Sonata 8

Development
- Designer: Gary Mull
- Location: United States
- Year: 1979
- Builder: Investigator Yachts
- Name: Sonata 8

Boat
- Displacement: 2,822 lb (1,280 kg)
- Draft: 5.09 ft (1.55 m)

Hull
- Type: Monohull
- Construction: Fiberglass
- LOA: 26.25 ft (8.00 m)
- LWL: 19.75 ft (6.02 m)
- Beam: 8.20 ft (2.50 m)

Hull appendages
- Keel: lifting keel
- Ballast: 500 lb (227 kg)
- Rudder: transom-mounted rudder

Rig
- General: Fractional rigged sloop
- I foretriangle height: 25.75 ft (7.85 m)
- J foretriangle base: 9.00 ft (2.74 m)
- P mainsail luff: 28.00 ft (8.53 m)
- E mainsail foot: 11.48 ft (3.50 m)

Sails
- Mainsail area: 160.72 sq ft (14.931 m^{2})
- Jib/genoa area: 115.88 sq ft (10.766 m^{2})
- Total sail area: 276.60 sq ft (25.697 m^{2})

= Sonata 8 =

1979 Australian recreational keelboat

The Sonata 8 is a recreational keelboat that was designed by Gary Mull and first built in 1979. It was built by Investigator Yachts in Australia starting in 1979, but the design is out of production. It was raced in Australia as a one-design class.

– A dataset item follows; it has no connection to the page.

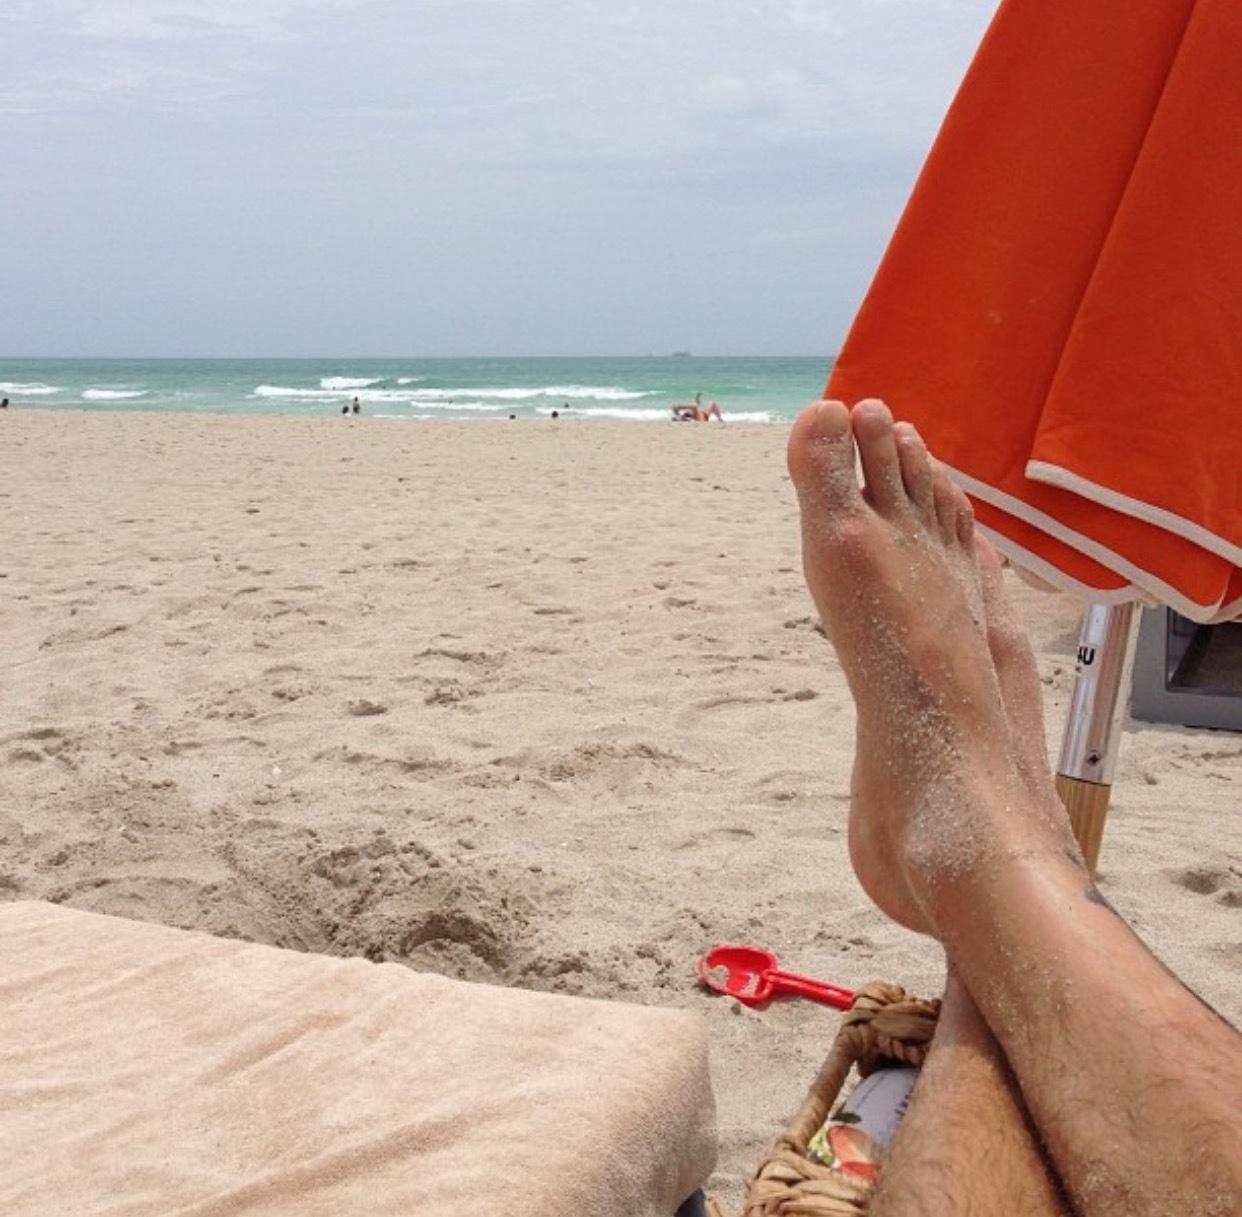 Feet Pete Wenz nude photos 2019

The Sonata 8 design was developed into the Sonata 26 in 1980 and produced by the same manufacturer. The two boats share the same specifications.

==Design==
The Sonata 8 is built predominantly of fiberglass, with wood trim. It has a fractional sloop rig, a transom-hung rudder and a lifting or optionally fixed fin keel. It displaces 2822 lb and carries 500 lb of ballast.

The boat has a draft of 5.09 ft with the keel down and 0.69 ft with the keel retracted. The fixed keel version has a draft of 5.2 ft.

The design has a hull speed of 5.96 kn.